I’ve talked about interviews from one perspective or another on several occasions, you might even say it is a pet subject of mine. It’s fascinating because most people are no good at interviews and when it comes to developer interviews – well; let’s just say there is a whole new dimension for us to suck at with coding questions, whiteboards and whatnot.

Of course, the other side of the equation is not pristine here, the interviewer can be just as much to blame for a terrible interview, either through lack of training, empathy, preparation or a host of other reasons, but that’s a whole separate discussion. So, why are we so bad at interviews? You can probably think of quite a few reasons straight away:

  • it is a high pressure situation, you were nervous
  • you just didn’t “click” with the interviewer
  • you were asked all the “wrong” questions
  • sometimes you just have a bad day

Infact, you can often work yourself into a self-righteous frenzy after a bad interview, thinking how every circumstance seemed to conspire against you, it was beyond your control, there was nothing you could do – hell, you didn’t even want to work for that stupid company anyway! But, deep down, we all know that those excuses are just so much bullshit. The truth is there were many things we could have done, but by the time the interview started it was much too late. I’ll use a story to demonstrate.

The least stressful exam I’ve ever had was a computing theory exam in the second year of my computer science degree. I never really got “into it” during the semester, but a few weeks before exam time – for some inexplicable reason – I suddenly found the subject fascinating. I spent hours reading and hours more playing with grammars and automata. Long story short, when exam time rolled around I knew the material backwards – I groked it. There was some anxiety (you can’t eliminate it fully), but I went into the exam reasonably confident I’d blitz it (which I did). Practice and preparation made all the difference. Of course, this is hardly a revelation, everyone knows that if you study and practice you’ll do well (your parents wouldn’t shut up about it for years :)). Interviews are no different from any other skill/subject in this respect, preparation and practice are key.

Can You Wing It?

The one difference with interviews is that they are an occasional skill, almost meaningless most of the time, but of paramount importance once in a long while. It just doesn’t seem like it’s worth the effort to get good at them, especially if you happen to already have a job at the time (who knows, you may not need those skills for years). There are plenty of other subjects clamouring for your attention and anyway every interview is different, you can never predict what’s gonna happen so it would be stupid to waste your time trying. No – good communication skills and decent software development knowledge will see you through, right? Except, they don’t and it won’t. Sure, you might be able to stave off total disaster, but without preparation and practice, you’re mostly relying on luck.
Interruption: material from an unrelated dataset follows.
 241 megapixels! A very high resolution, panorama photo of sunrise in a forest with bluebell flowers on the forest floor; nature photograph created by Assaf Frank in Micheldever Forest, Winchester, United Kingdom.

Things “click“; you get asked the “right” questions and are able to think of decent answers just in time. This is how most people get hired. As soon as the process gets a little more rigorous/scientific, so many candidates get weeded out that companies like Google, Facebook, Twitter etc. find themselves trying to steal people from each other since they know that those that have passed the rigorous interview processes of their competitors must be alright. The interesting thing is that the rejected candidates are not necessarily worse; they are often simply a lot less prepared and a little less lucky.

Over the last few years presentation skills have seen quite a lot of press. Many a blog post and much literature has come out (e.g. Presentation Zen and Confessions of a Public Speaker are both great books). Many people have decent knowledge of their subject area and have good communication skills, they think they are excellent presenters – they are wrong.
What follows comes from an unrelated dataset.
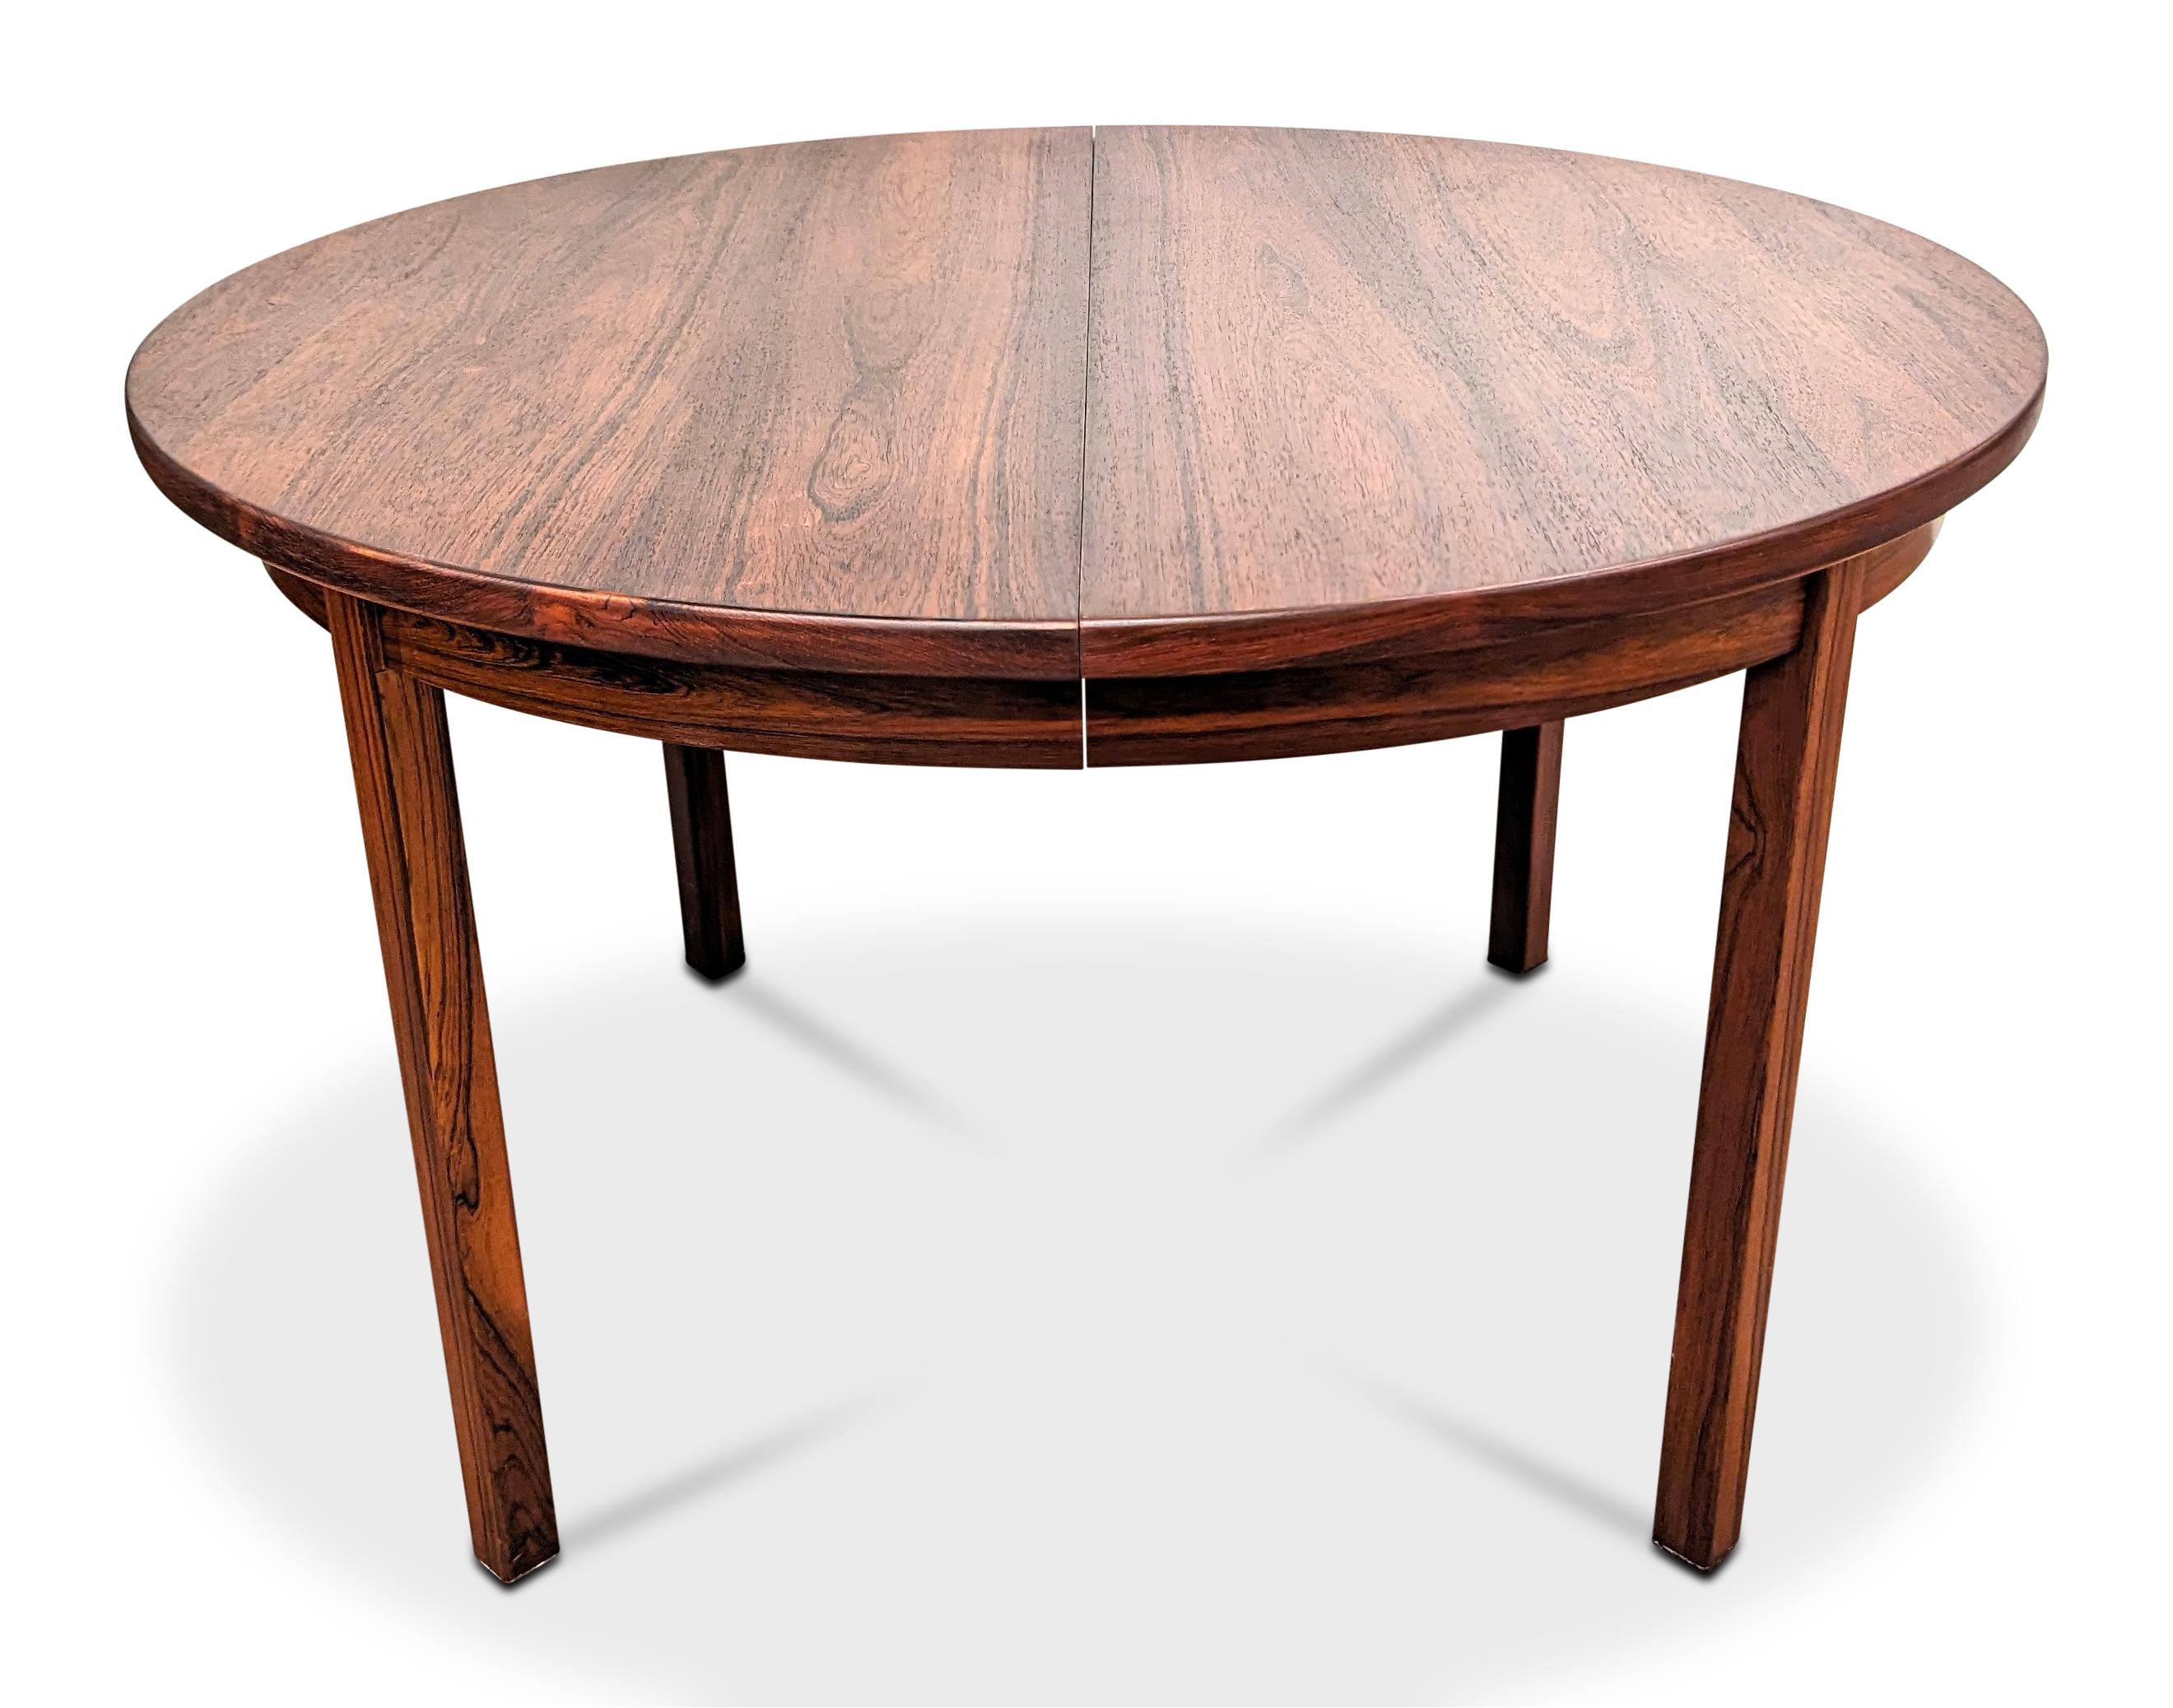 Mid-Century Modern Round Rosewood Table w 2 Butterfly Leaves - 022435 Vintage Danish Modern

They put together some slides in a few hours and think their innate abilities will carry them through, but inevitably their presentations end up disjointed, mistargeted, boring or amateurish. Sometimes they sail through on luck, circumstances conspire and the presentation works, but these situations are not common. Malcolm Gladwell is a master presenter, he is one of the most highly sought after and highly paid speakers in the world (and has written a bunch of awesome books to boot) – this is not by chance. Without doubt he knows his stuff and has better communication skills than the majority of speakers out there and yet all his talks are rigorously prepared for and practiced. To my mind, the situation with interviews is similar to that of presentations, except the deluge of literature about interviews goes almost unnoticed since they are old-hat. The digital world hasn’t changed the interview process too significantly (unlike the public speaking process), except the internet age brings all the old advice together in one place for us and all of that advice is still surprisingly relevant.

The Old-School Advice

Everyone (and I mean everyone) always says that you should research the company you’ll be interviewing with beforehand. You would think people would have this one down by now, especially developers cause we’re smart, right? Nope, no such luck, just about everyone who rocks up for an interview knows next to nothing about the company they are trying to get a job at, unless the company is famous, in which case people are just full of hearsay. But hearsay is no substitute for a bit of research and it is so easy, I am reminded of an article Shoemoney wrote about getting press (well worth a read by the way, if you’re trying to promote a product/service) – there is a tremendous amount of info you can find out about a person by trawling the web for a bit and it is just as easy to learn something about a company. I mean, we do work in software, so any company you may want to work for should have a web presence and a half.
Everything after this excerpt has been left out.